Batch Size and Gradual Unfreezing

Wouldn’t it make sense to have a dynamic batch size when doing Gradual Unfreezing in Transfer Learning? If not I guess you just waste a lot of memory

learner.freeze_to(-1) = PARAMS["BS"] * 16

I am using fastai in combination with huge Transformer models and it makes a lot of sense to me. Why should I use the same batch size when fine-tuning a single linear layer vs. training an unfrozen RoBERTa Large ??

Would be nice if you could share your thoughts. I am running some experiments with this right now and will update this thread with the results.

One thing I could think of:
big batch size --> fewer updates per epoch (maybe noisy directions are corrected later?)
smaller batch size --> more updates per epoch (so direction can be corrected more often)

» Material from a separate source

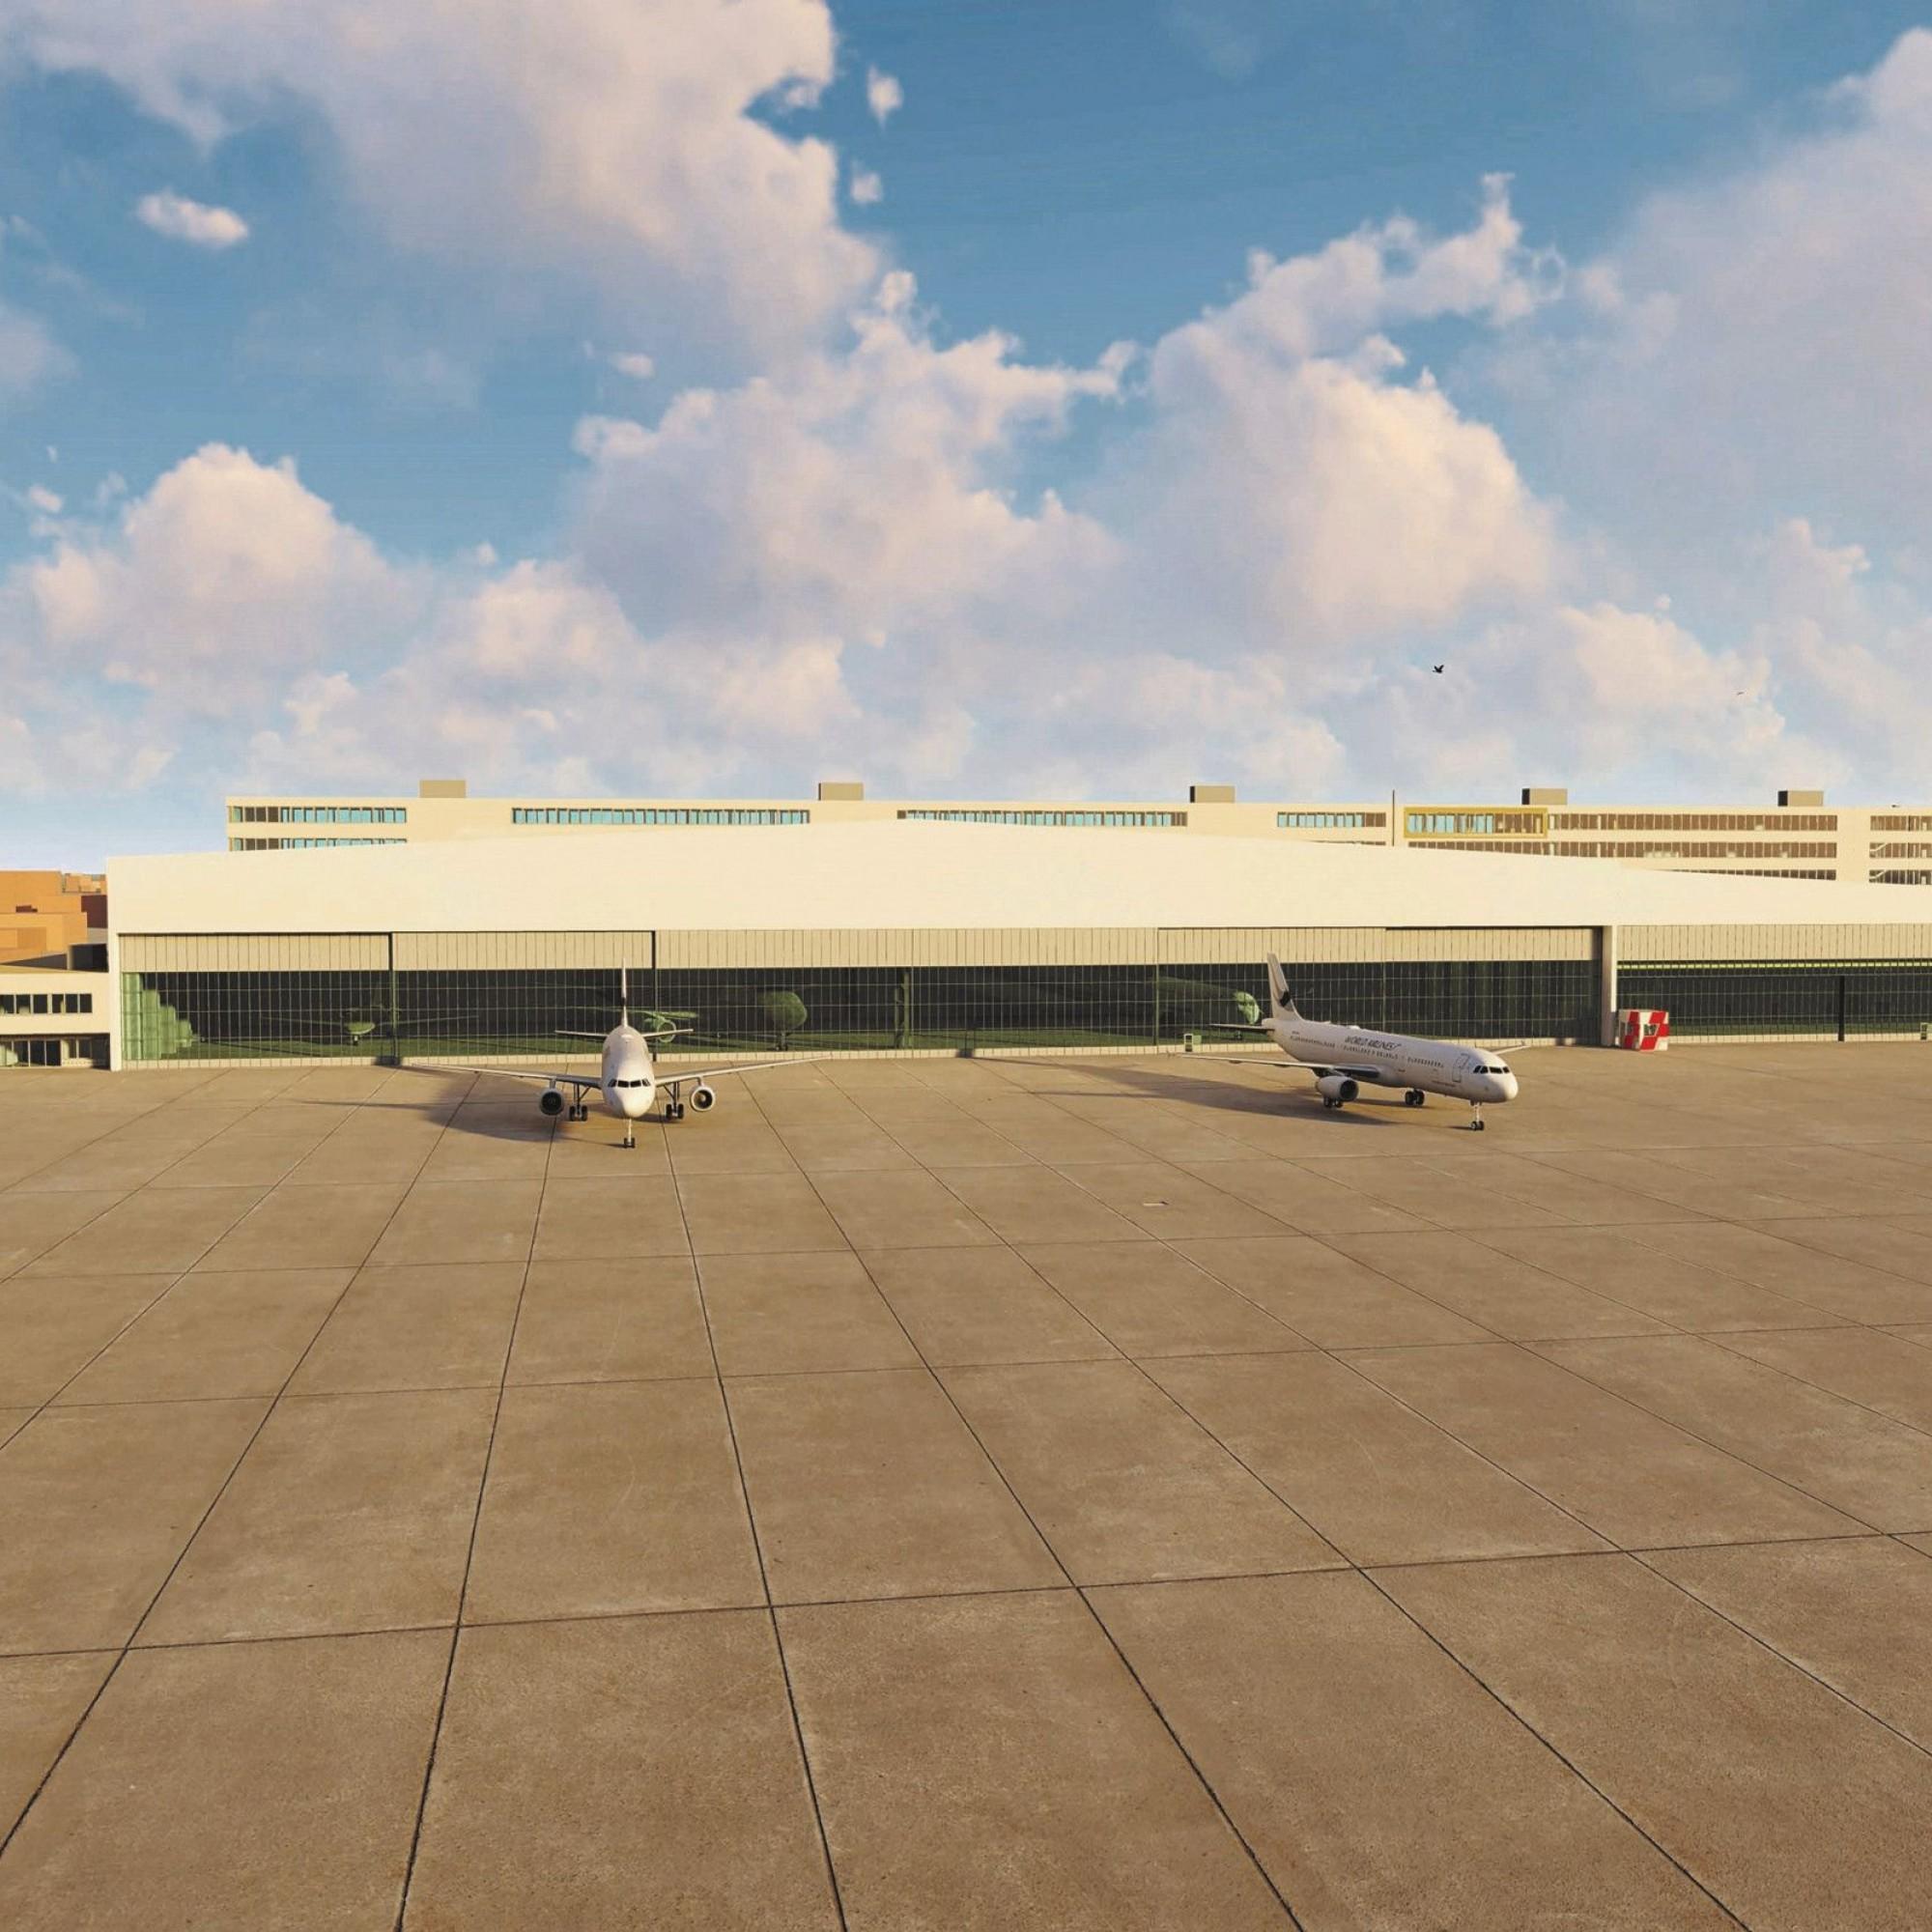 Projekt Hangar für Geschäftsfliegerei, Flughafen Zürich

(A little bit like gradient descent vs. SGD.)

I guess this will also depend on the used optimizer?
When you increase the batch size do you adapt the learning rate too?
How big is the difference in the execution time?

1 Like

Thanks @MicPie
Have in mind that batch sizes become relatively small when using these giant transformers. I have to lower it all the way to 2 when fitting RoBERTa Large on my TitanXp . Interestingly things like the learning rate finder start to fail with a batch size that small.

I am still running the experiments. Once I have it I will share my code and results.

Ok, that’s already a small bs.

I am not used to training huge LM, but maybe they do use gradient accumulation if the bs is so small?